[<prev] [next>] [<thread-prev] [thread-next>] [day] [month] [year] [list]
Message-ID: <293434008.12520.1399462821986.JavaMail.zimbra@efficios.com>
Date: Wed, 7 May 2014 11:40:21 +0000 (UTC)
From: Mathieu Desnoyers <mathieu.desnoyers@...icios.com>
To: Steven Rostedt <rostedt@...dmis.org>
Cc: LKML <linux-kernel@...r.kernel.org>,
Javi Merino <javi.merino@....com>,
Andrew Morton <akpm@...ux-foundation.org>,
Ingo Molnar <mingo@...nel.org>,
Namhyung Kim <namhyung@...nel.org>,
Jiri Olsa <jolsa@...hat.com>
Subject: Re: [RFC][PATCH v2] tracing: Add __bitmask() macro to trace events
to cpumasks and other bitmasks
----- Original Message -----
> From: "Steven Rostedt" <rostedt@...dmis.org>
> To: "LKML" <linux-kernel@...r.kernel.org>
> Cc: "Mathieu Desnoyers" <mathieu.desnoyers@...icios.com>, "Javi Merino" <javi.merino@....com>, "Andrew Morton"
> <akpm@...ux-foundation.org>, "Ingo Molnar" <mingo@...nel.org>, "Namhyung Kim" <namhyung@...nel.org>, "Jiri Olsa"
> <jolsa@...hat.com>
> Sent: Tuesday, May 6, 2014 11:12:38 PM
> Subject: [RFC][PATCH v2] tracing: Add __bitmask() macro to trace events to cpumasks and other bitmasks
>
>
> Being able to show a cpumask of events can be useful as some events
> may affect only some CPUs. There is no standard way to record the
> cpumask and converting it to a string is rather expensive during
> the trace as traces happen in hotpaths. It would be better to record
> the raw event mask and be able to parse it at print time.
Hi Steven,
OK. Changing cpumask into bitmask helps making this more generic. Now
I'm concerned about another topic: the type backing the bitmask, as well
as its endianness, have an important impact when storing and reading
the trace on different machines. This is not a problem cpumask typically
has, because the test_bit() and set bit APIs are always used from within
the kernel.
Looking at:
/**
* test_bit - Determine whether a bit is set
* @nr: bit number to test
* @addr: Address to start counting from
*/
static inline int test_bit(int nr, const volatile unsigned long *addr)
{
return 1UL & (addr[BIT_WORD(nr)] >> (nr & (BITS_PER_LONG-1)));
}
We notice that the kernel's bit operations use an unsigned long
as "backing type" for the bitfield, with a native kernel endianness.

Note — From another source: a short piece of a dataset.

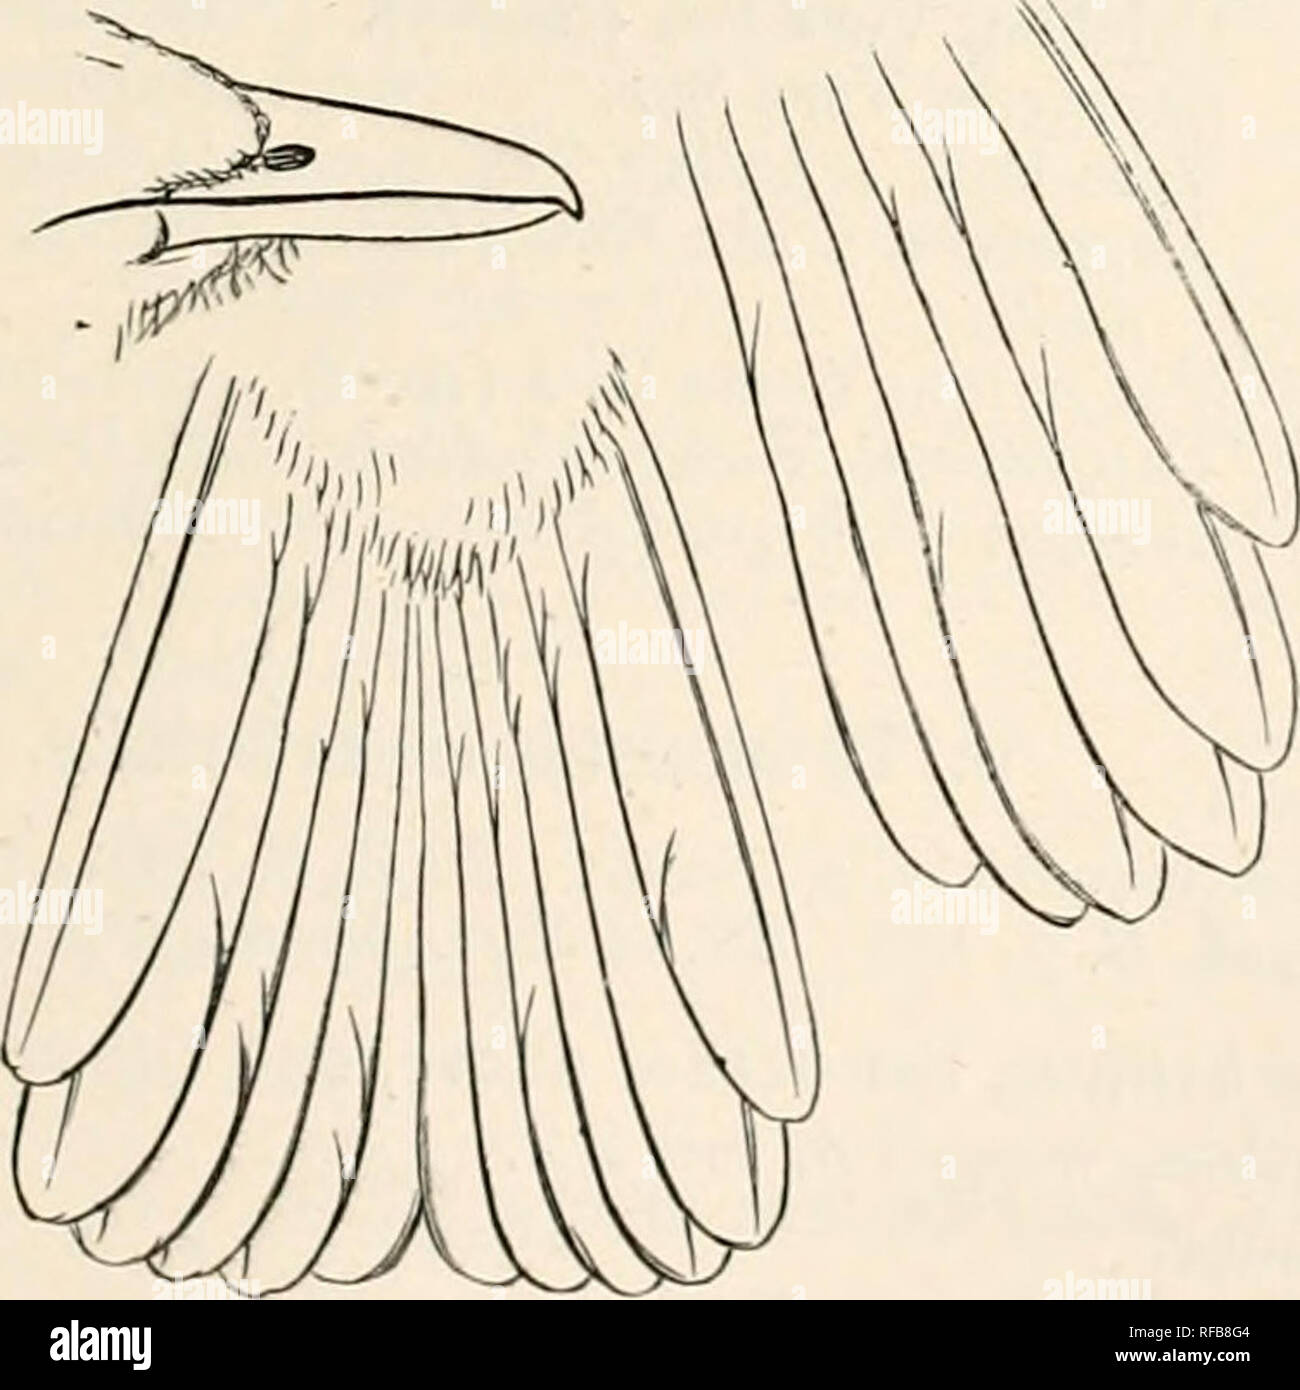 . Catalogue of the Birds in the British Museum. Head of Biatas nigropectus. Above reddish brown; cap black, encircled by a narrow nuchal band of buffy white; wing-coverts, margins of remiges, and tail clear rufous: beneath brown; chin white; large pectoral shield black: whole length 6-8 inches, wing 3-2, tail 3. Female similar but head chestnut-brown and without the pectoral patch * Hah. S.E. Brazil. a. (S ad. st. b. S ad. sk. c. (S ad. sk. Brazil. Brazil. South America. Purchased. Salvin-Godman Coll. Sclater CoU. 5. THAMNISTES.t Thamnistes, Scl. et Salv. P. Z. S. 1860, p. 299 Type. T. anabati Stock Photo
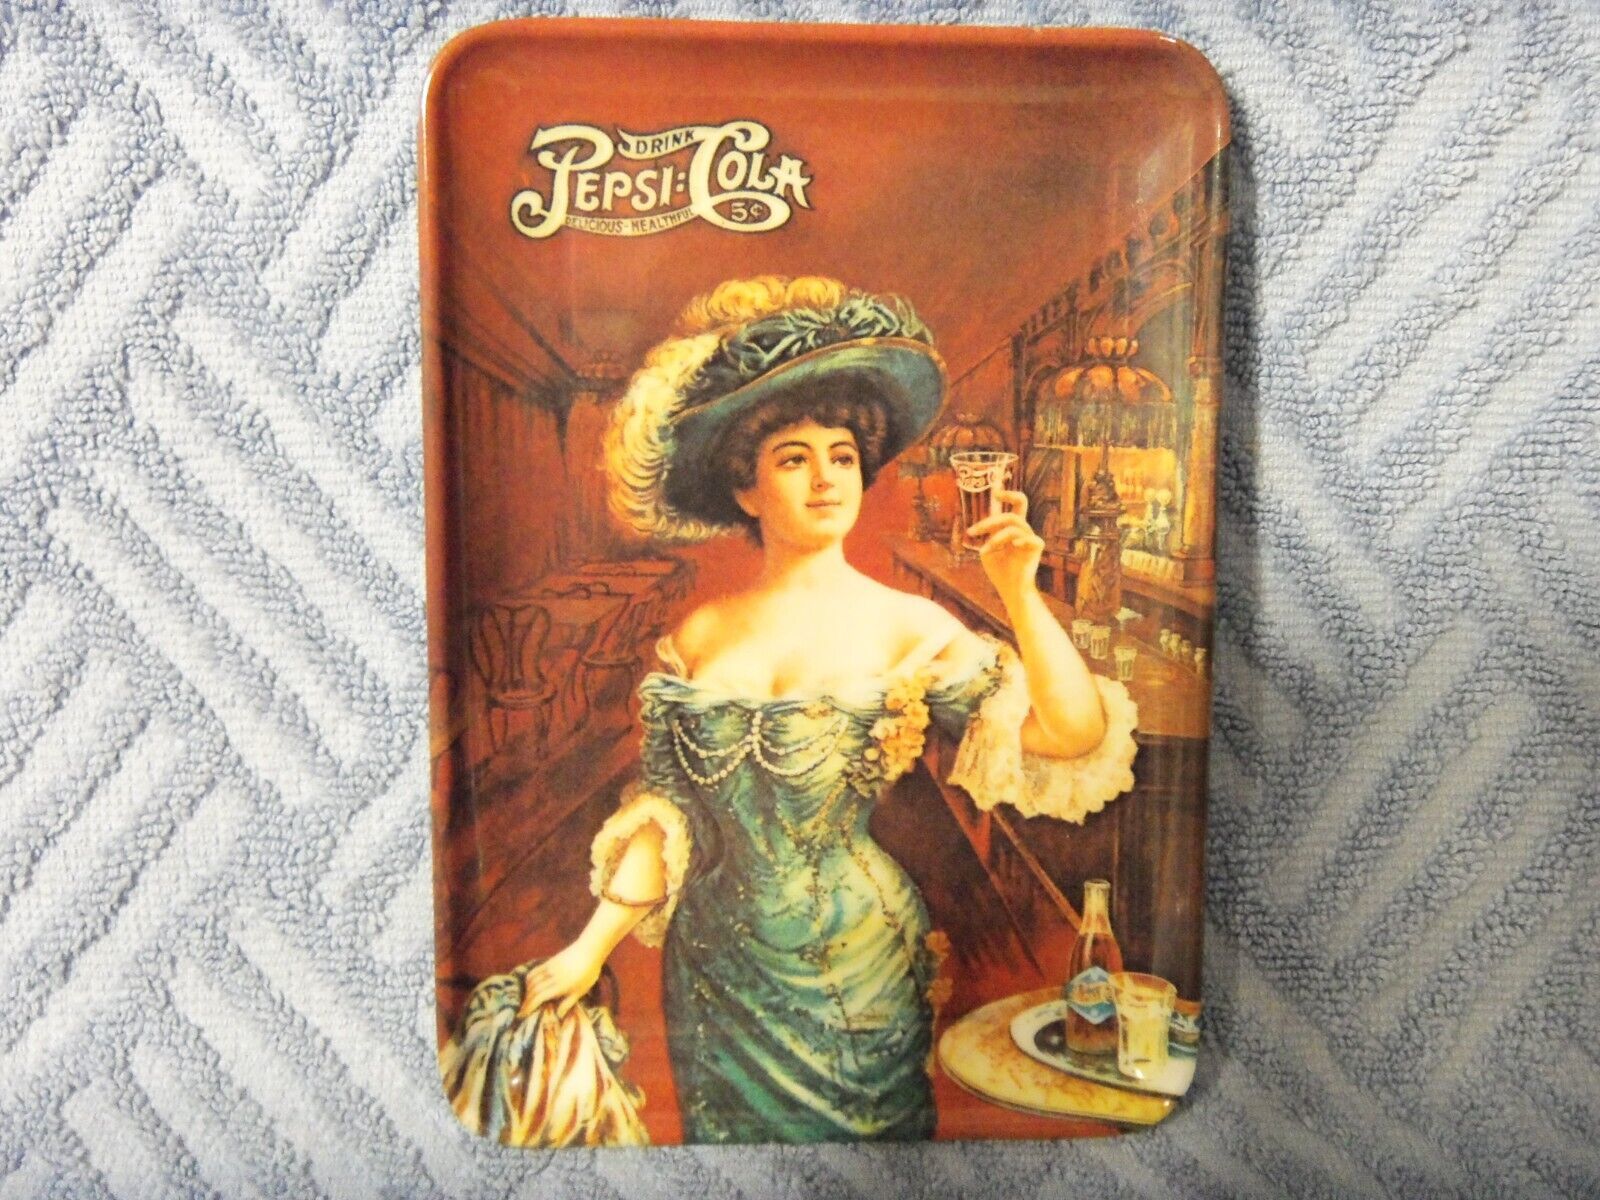 VINTAGE PEPSI COLA PLASTIC TRAY  MADE IN ITALY  5.75" X 4" - $9.85

Therefore, the trace reader needs to take into account those two
informations (backing type size, and endianness) in order to get the
bit order right.
I remember that you made sure Ftrace's event description files expose
the endianness of the kernel, which partially takes care of this
concern, but how do you plan exposing the bitmask backing type size ?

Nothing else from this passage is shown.